Six Years Back, Six Forward

T.Lent.photoTony Lent, MBA
Co-Managing Partner, Aldwych Environmental and Renewables Group

 

 

 

This past December, 196 governments signed on to a global climate agreement in Paris. One of the surprises of the conference was the strong turnout of major corporations and asset owners making public their commitment to address climate within their remits. The government plans that were agreed to, if fulfilled, would lead to 3.6°C warming by 2100, though the signatories also agreed we can barely afford 1.5–2°C warming (we are already at 0.8°C). These national commitments resulted in part from the belief that investing in mitigation will hurt economic growth. As the last six years have shown, the mainstreaming of renewable power to a profitable global industry demonstrated that low-carbon energy could provide a rapidly growing share of global energy, while contributing to economic growth and wealth creation.

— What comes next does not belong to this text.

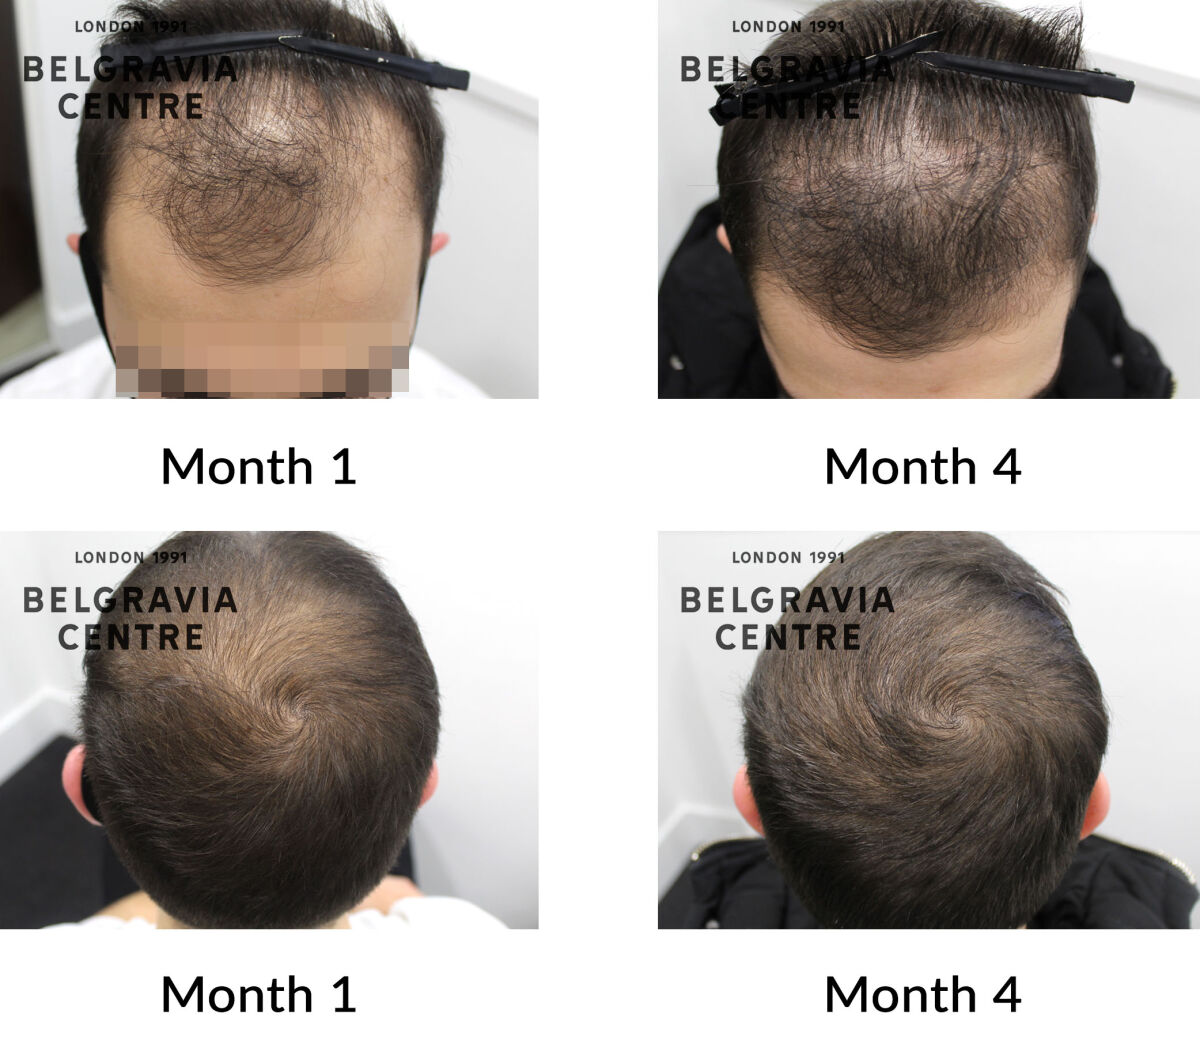 male pattern hair loss the belgravia centre 433423

This article reviews some of the finance innovation, savvy signaling, and luck that have helped to scale low-carbon energy since 2010 and points to where the next successes could appear. It then explores the rise of the impact investment and how its unusually proactive mindset can help address the finance challenges ahead.

Four major changes have occurred in scaling capital for renewables and climate mitigation since 2010; each represents a different facet of the change: (1) the rise of infrastructure investing since the crises, with renewables becoming a dominant infrastructure investment segment; (2) the invention of the residential solar financing model, supporting residential capacity growth of 30% per year; (3) the setting up of the green and climate bond markets laying the foundation for a low-carbon debt market positioned to power growth going forward; and (4) the successful signaling of fossil reserves liabilities leading to a public markets reassessment.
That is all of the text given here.